Segment Open
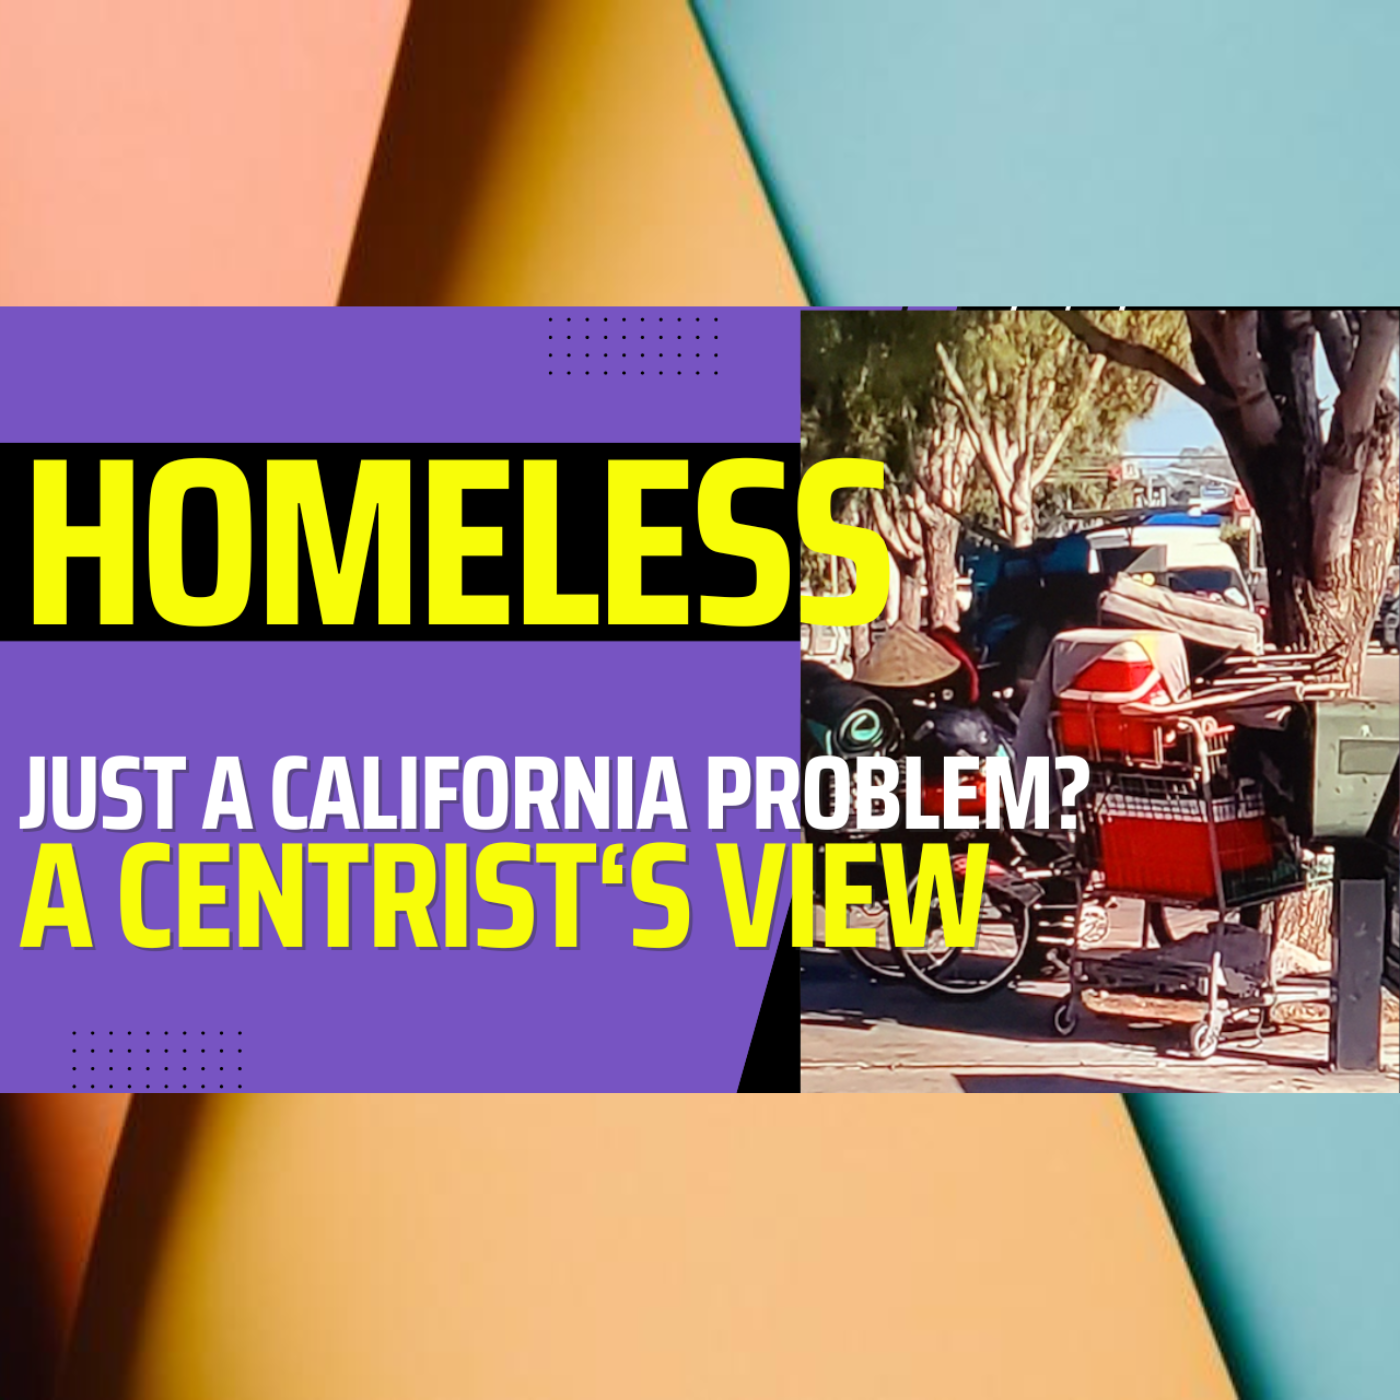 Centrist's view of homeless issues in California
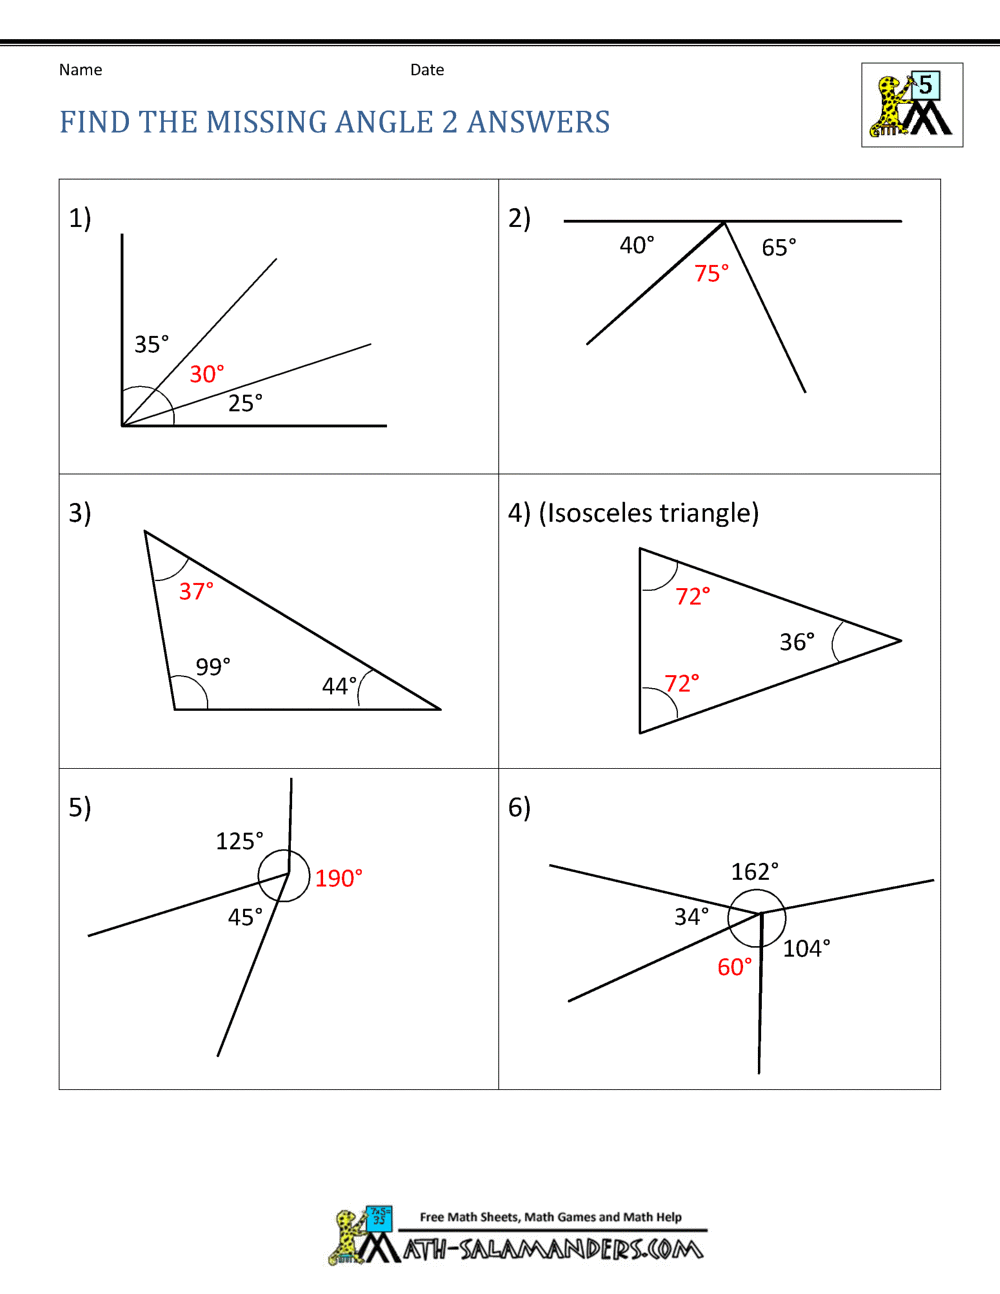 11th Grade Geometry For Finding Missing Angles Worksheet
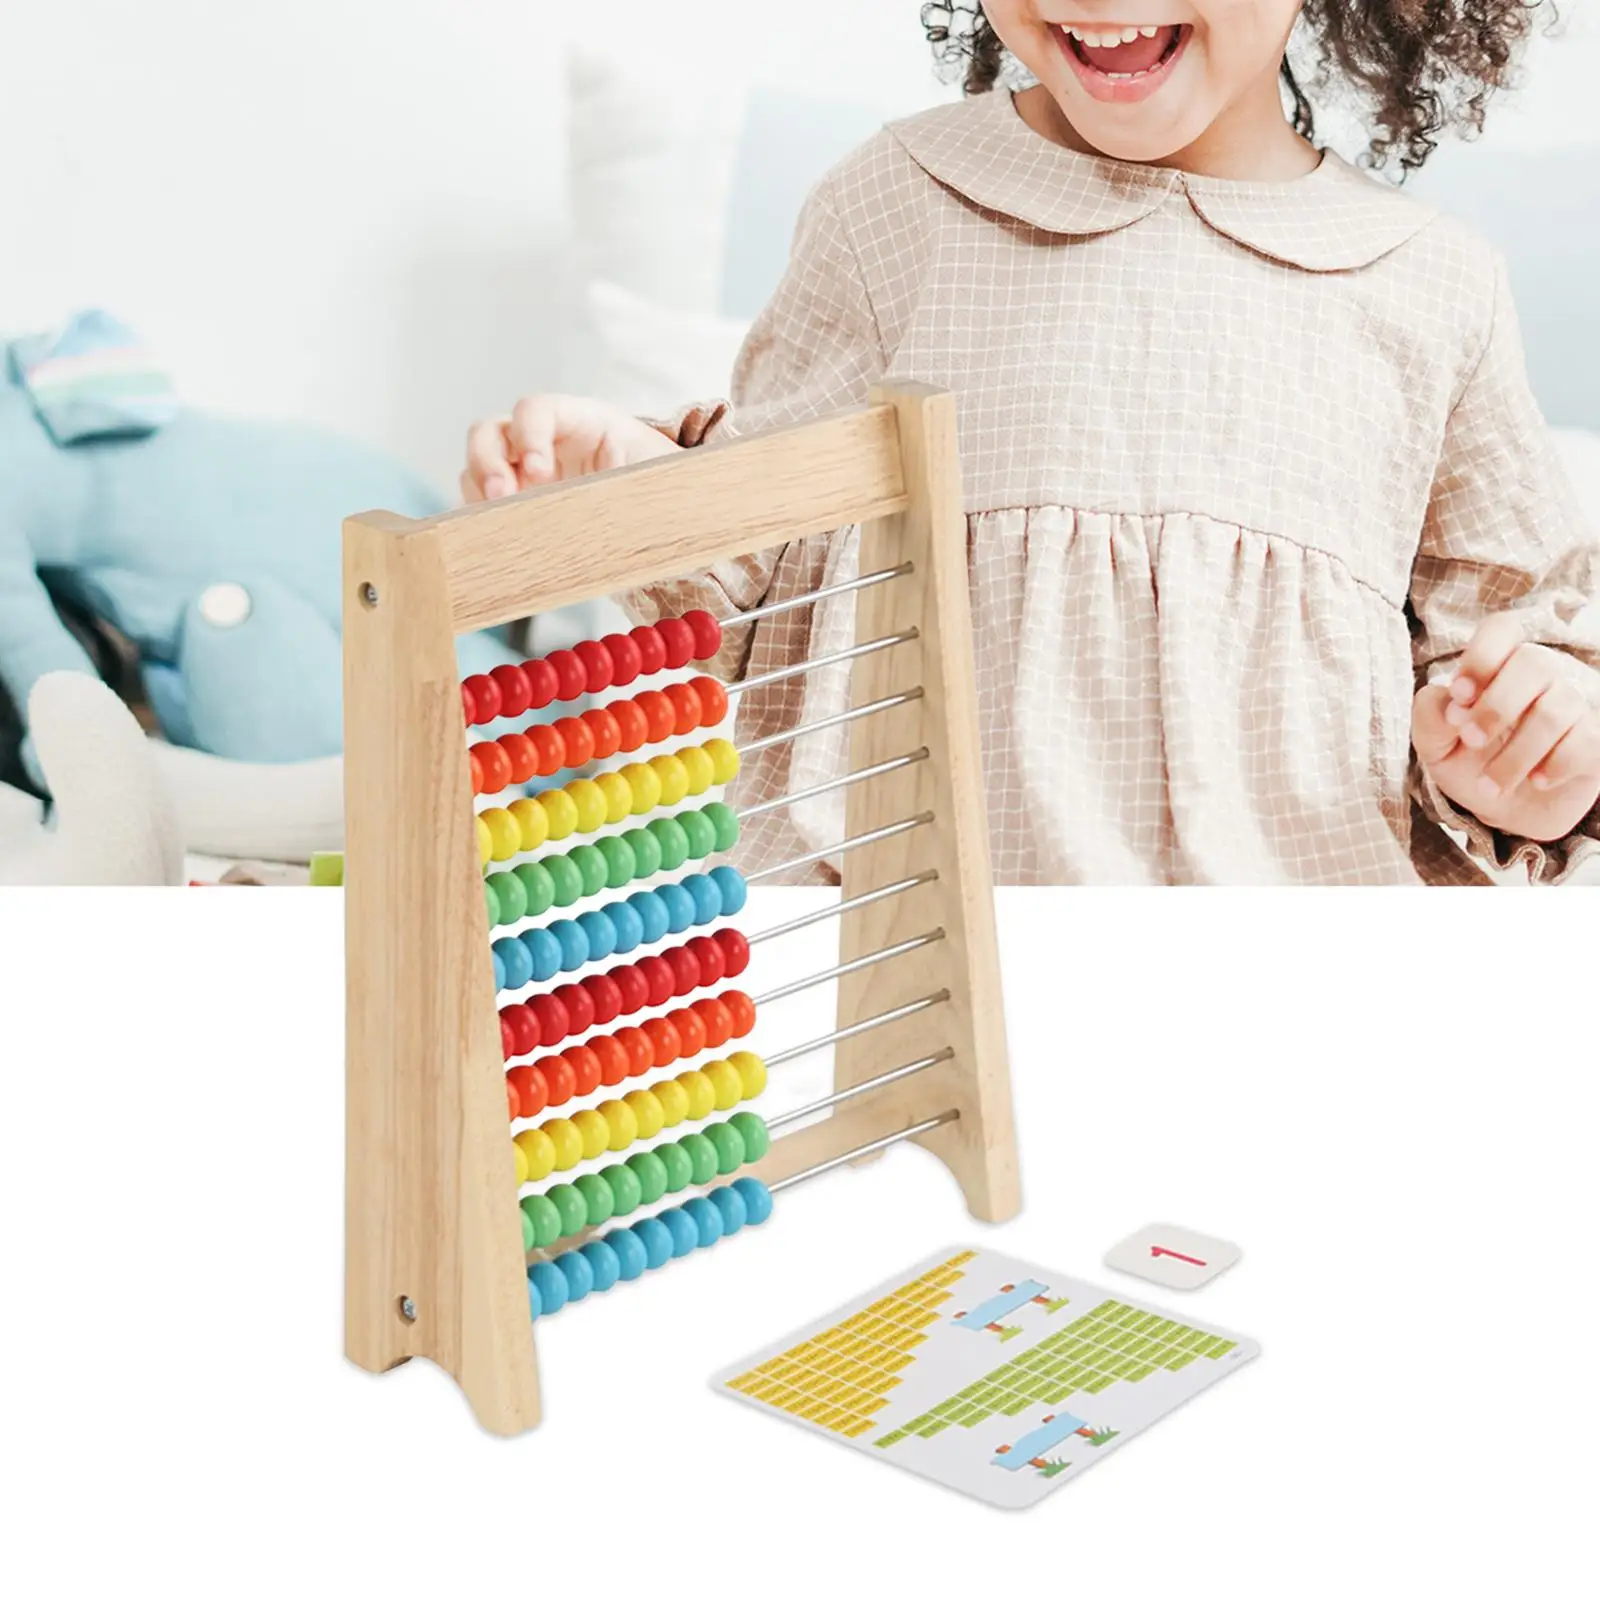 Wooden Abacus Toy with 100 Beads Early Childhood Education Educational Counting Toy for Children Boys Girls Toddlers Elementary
Segment Closed
■ DIRECTIONS FOR THIS TASK
All of the material above is to be retyped exactly, with no pictures included.

■ REPLY TO THE TASK
 Centrist's view of homeless issues in California
 11th Grade Geometry For Finding Missing Angles Worksheet
 Wooden Abacus Toy with 100 Beads Early Childhood Education Educational Counting Toy for Children Boys Girls Toddlers Elementary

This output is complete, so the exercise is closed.